> _Supplied material_
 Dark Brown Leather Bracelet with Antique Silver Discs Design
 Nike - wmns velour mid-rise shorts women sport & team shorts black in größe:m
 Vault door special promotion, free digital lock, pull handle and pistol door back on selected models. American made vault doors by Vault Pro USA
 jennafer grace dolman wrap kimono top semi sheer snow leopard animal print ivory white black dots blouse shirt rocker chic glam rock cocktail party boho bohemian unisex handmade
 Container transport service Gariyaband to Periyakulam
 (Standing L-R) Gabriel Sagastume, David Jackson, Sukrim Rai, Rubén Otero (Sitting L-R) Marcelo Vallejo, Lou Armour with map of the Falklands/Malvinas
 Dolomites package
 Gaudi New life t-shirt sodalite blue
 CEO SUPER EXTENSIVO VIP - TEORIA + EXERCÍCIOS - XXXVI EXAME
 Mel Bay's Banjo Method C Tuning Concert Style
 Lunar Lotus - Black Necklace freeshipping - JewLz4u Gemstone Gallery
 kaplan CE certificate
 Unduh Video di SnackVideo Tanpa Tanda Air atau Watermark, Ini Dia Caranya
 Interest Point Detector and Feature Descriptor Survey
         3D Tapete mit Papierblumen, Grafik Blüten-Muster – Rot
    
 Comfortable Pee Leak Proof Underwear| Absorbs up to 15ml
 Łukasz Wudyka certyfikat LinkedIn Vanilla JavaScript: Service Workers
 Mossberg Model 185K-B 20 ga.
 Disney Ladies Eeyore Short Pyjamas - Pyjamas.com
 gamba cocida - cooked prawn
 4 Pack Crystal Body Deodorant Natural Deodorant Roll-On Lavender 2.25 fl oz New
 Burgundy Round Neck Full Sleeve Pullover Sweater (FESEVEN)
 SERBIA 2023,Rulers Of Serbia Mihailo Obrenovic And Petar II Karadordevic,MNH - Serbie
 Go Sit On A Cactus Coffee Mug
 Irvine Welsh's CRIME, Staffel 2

> _Problem description_
Take the line that contains "Gaudi New life t-shirt sodalite blue" and every line after it through the end of the listing above, and repeat them exactly.

> _Response_
 Gaudi New life t-shirt sodalite blue
 CEO SUPER EXTENSIVO VIP - TEORIA + EXERCÍCIOS - XXXVI EXAME
 Mel Bay's Banjo Method C Tuning Concert Style
 Lunar Lotus - Black Necklace freeshipping - JewLz4u Gemstone Gallery
 kaplan CE certificate
 Unduh Video di SnackVideo Tanpa Tanda Air atau Watermark, Ini Dia Caranya
 Interest Point Detector and Feature Descriptor Survey
         3D Tapete mit Papierblumen, Grafik Blüten-Muster – Rot
    
 Comfortable Pee Leak Proof Underwear| Absorbs up to 15ml
 Łukasz Wudyka certyfikat LinkedIn Vanilla JavaScript: Service Workers
 Mossberg Model 185K-B 20 ga.
 Disney Ladies Eeyore Short Pyjamas - Pyjamas.com
 gamba cocida - cooked prawn
 4 Pack Crystal Body Deodorant Natural Deodorant Roll-On Lavender 2.25 fl oz New
 Burgundy Round Neck Full Sleeve Pullover Sweater (FESEVEN)
 SERBIA 2023,Rulers Of Serbia Mihailo Obrenovic And Petar II Karadordevic,MNH - Serbie
 Go Sit On A Cactus Coffee Mug
 Irvine Welsh's CRIME, Staffel 2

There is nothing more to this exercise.